Public clouds are particularly advantageous for small-to medium-sized businesses because the services offer enterprise-class disaster recovery capabilities at a cost that's affordable. But, experts warn companies not to hog the bandwidth. The more data they want to recover, the more it'll cost. So they should store only what's needed to get the business running again -- not up to full speed.

Another bit of advice: When choosing a cloud service provider, companies should make sure the provider is on a different power grid.

"A business may think they're pretty well covered because they're replicating data to an offsite data center miles away, but it may be on same power grid as their office building," said Al Berman, executive director of the Disaster Recovery Institute International (DRI) in New York City.
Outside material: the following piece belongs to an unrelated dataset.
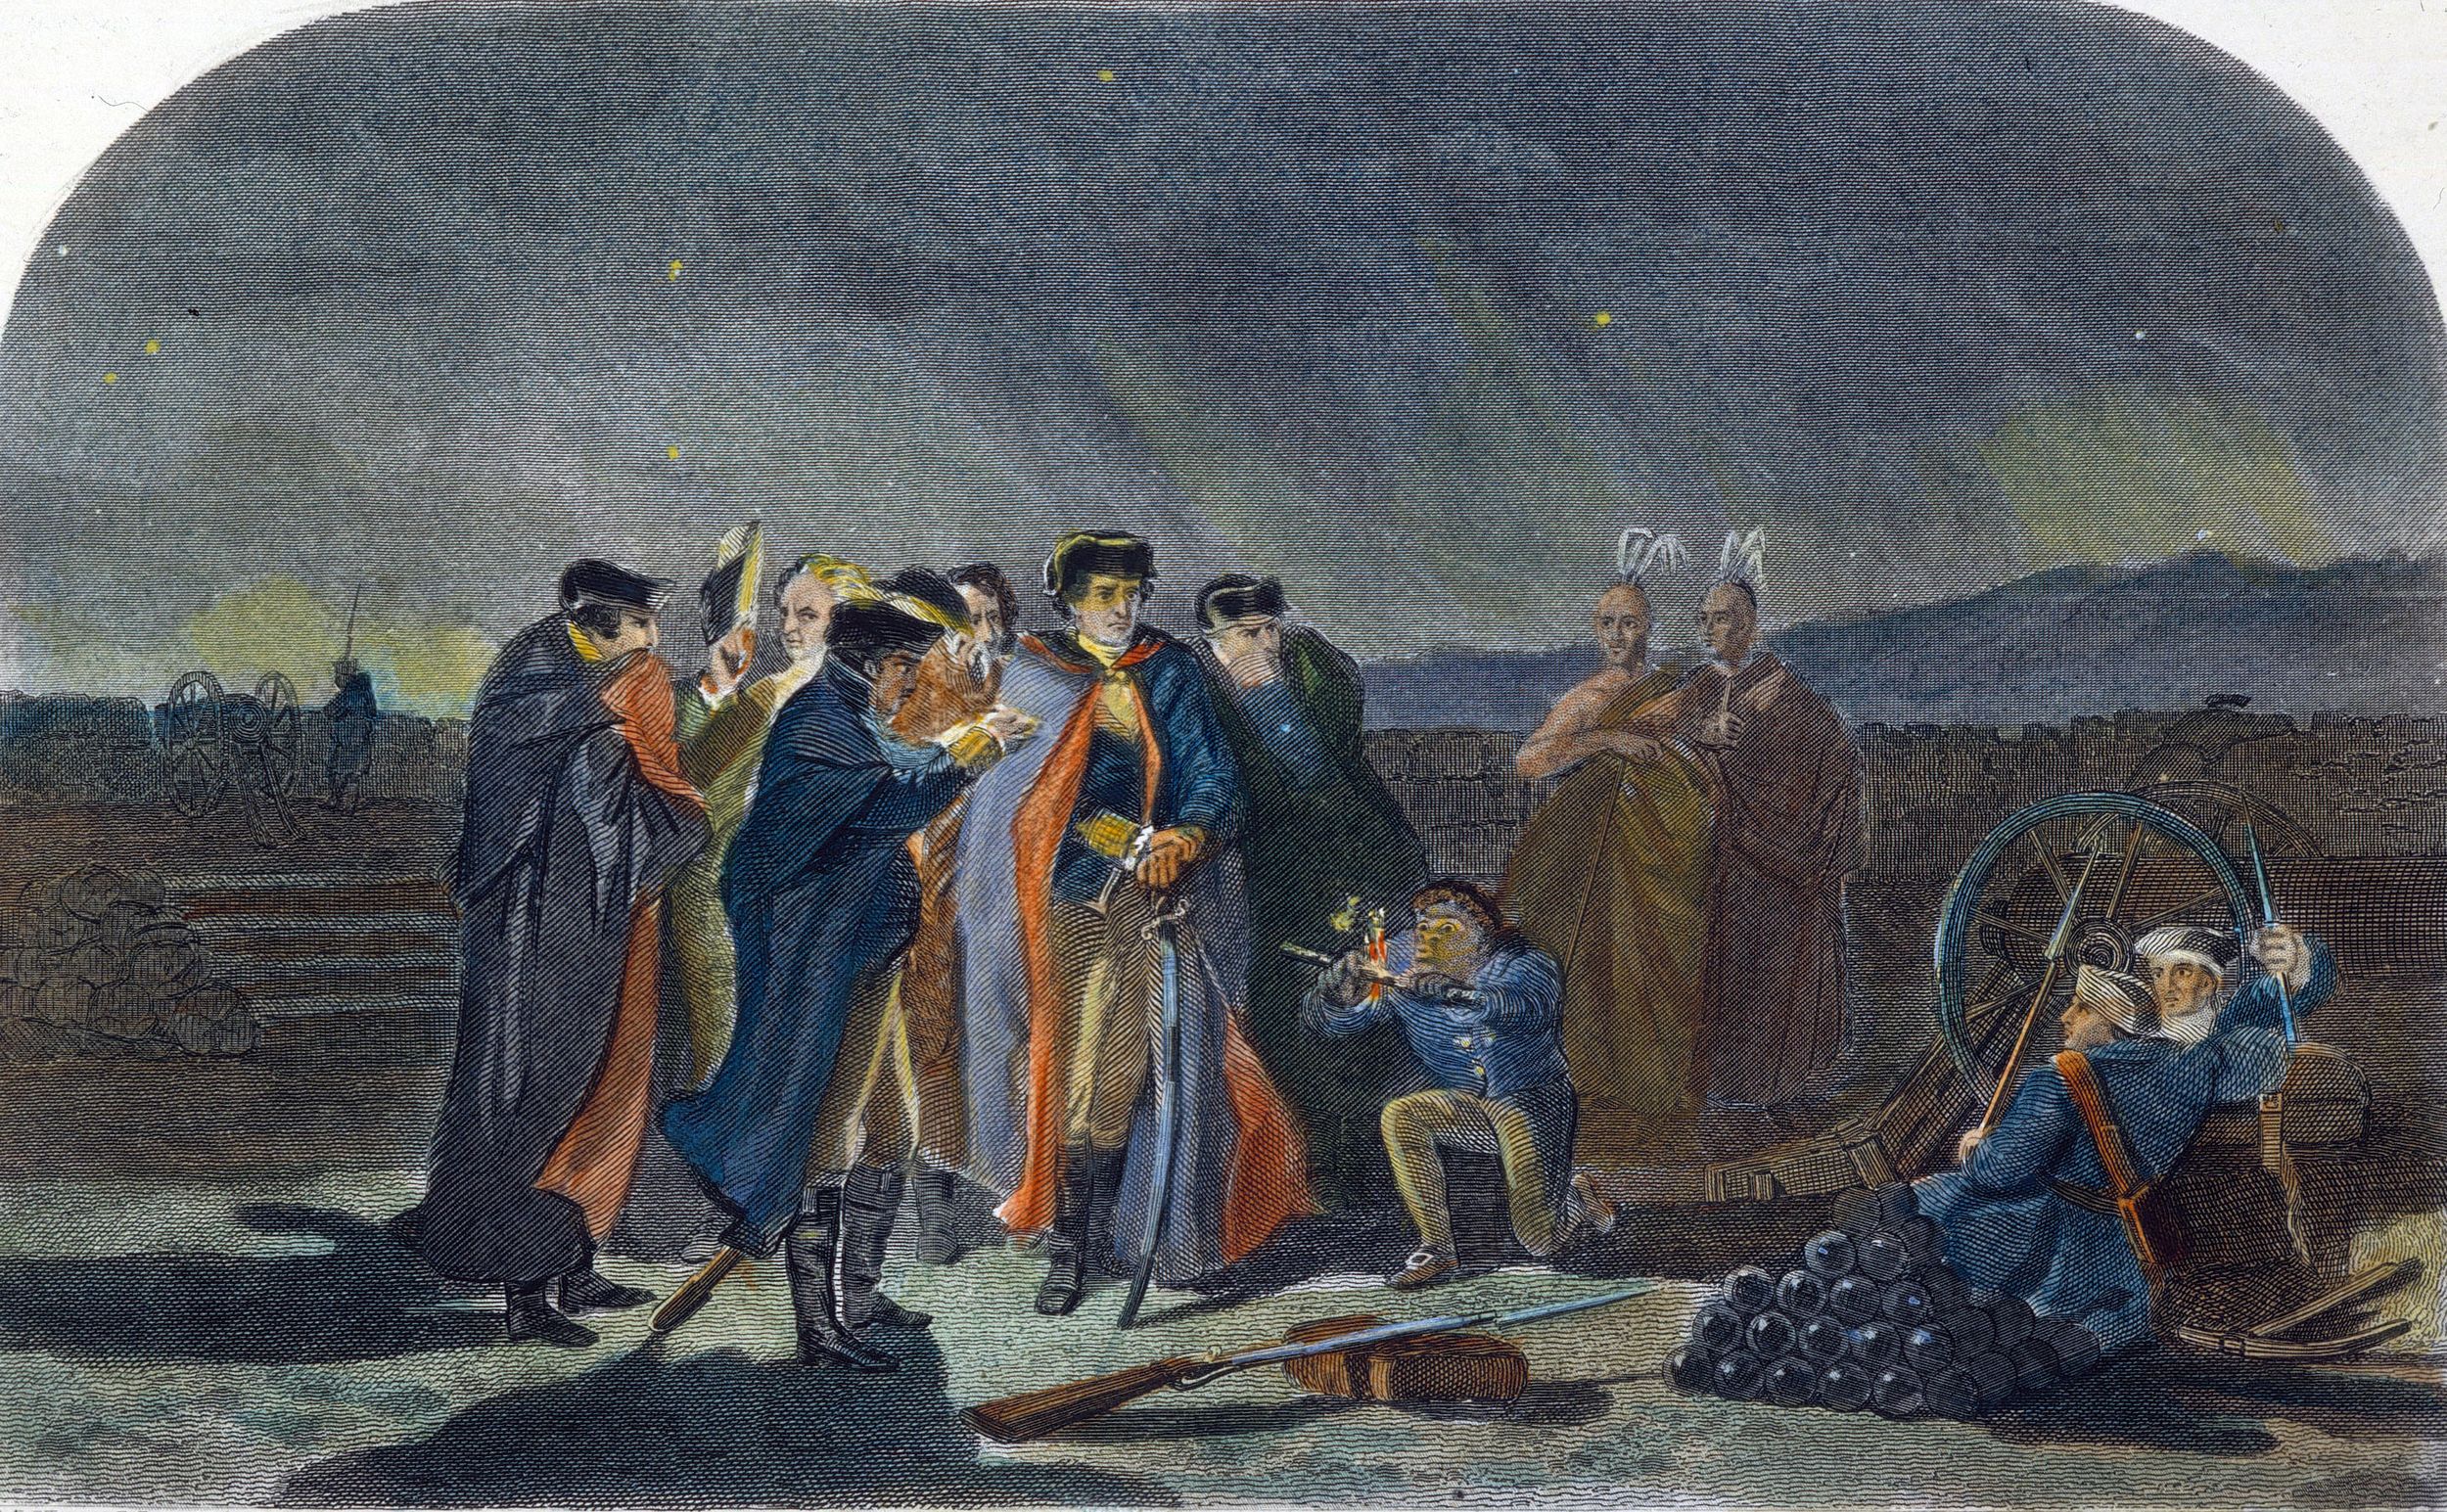 George Washington and his staff inside Fort Necessity on the night before he capitulated to the French—ironically, on July 4.
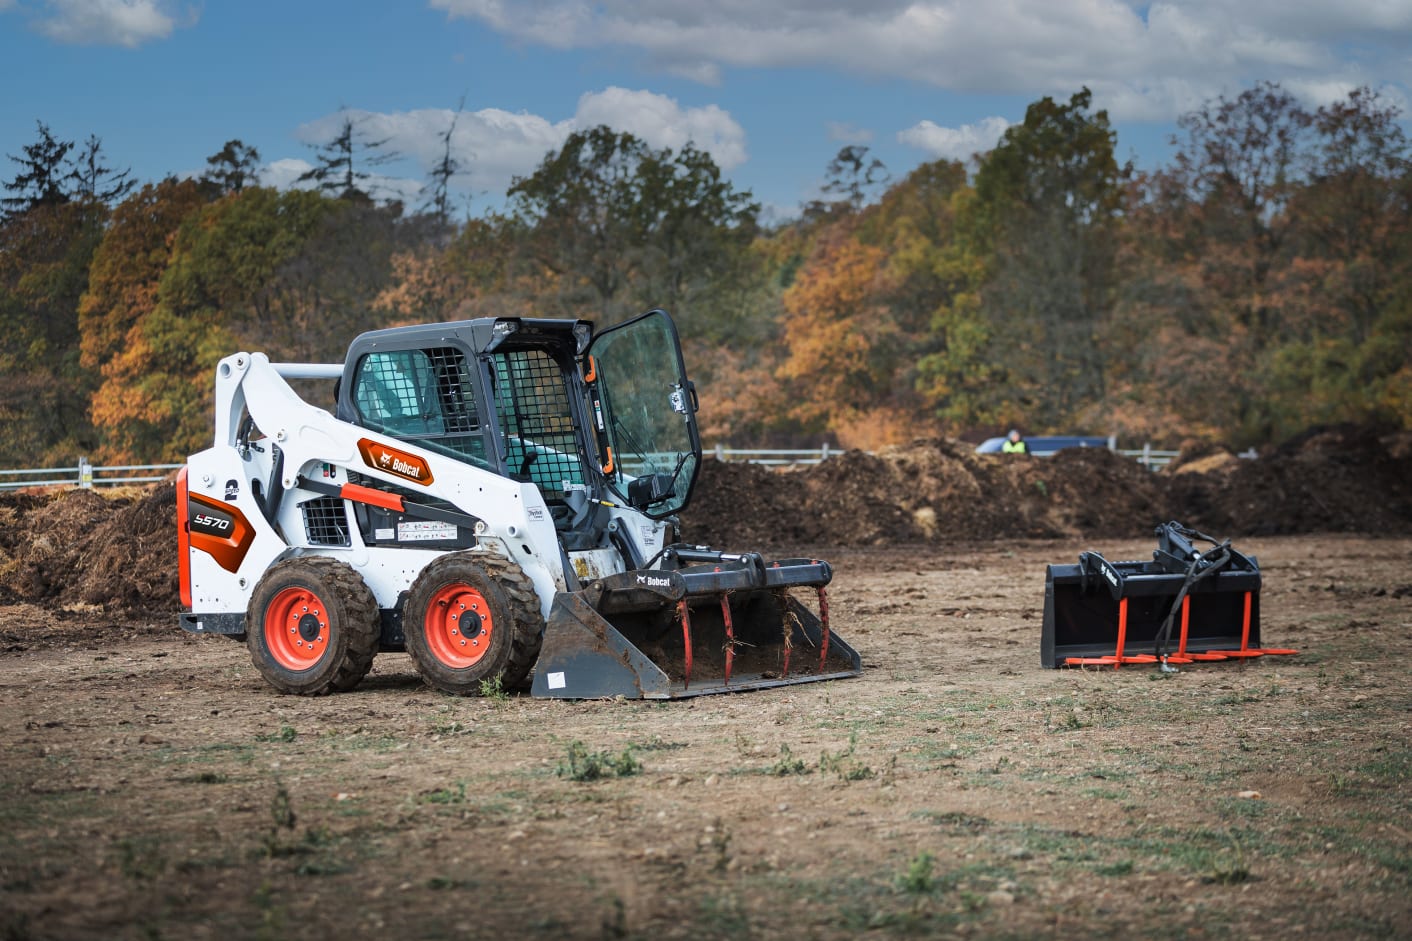 Browse Specs and more for the S570 Skid-Steer Loader - Bobcat of Indy

If that power grid goes down, the company and is offsite data center could both be affected at the same time.

Nelsestuen believes cloud services are over-hyped, particularly in the financial services industry. While Tower Group estimates that spending on cloud servicers will grow to $27 billion by 2015, that's only 5% or 6% of all IT spending in financial services.

"There's still so many issues associated with security and operational aspects of that," he said. "There is a huge effort to try to create internal clouds. They're virtualizing their platforms, and the hardware and the networks, so they have a continuous backup. But that's all internal."

In the end, said Witty, 9/11 taught companies lessons that are still being put into practice.

"There were huge gaps in what companies were able to do before 9/11," he said. "9/11 showed us there weren't business continuity programs [in place]. It showed us that managing your people and being able to track your people is important, [as is] being able to care for them, and ... having the employee assistance programs in place.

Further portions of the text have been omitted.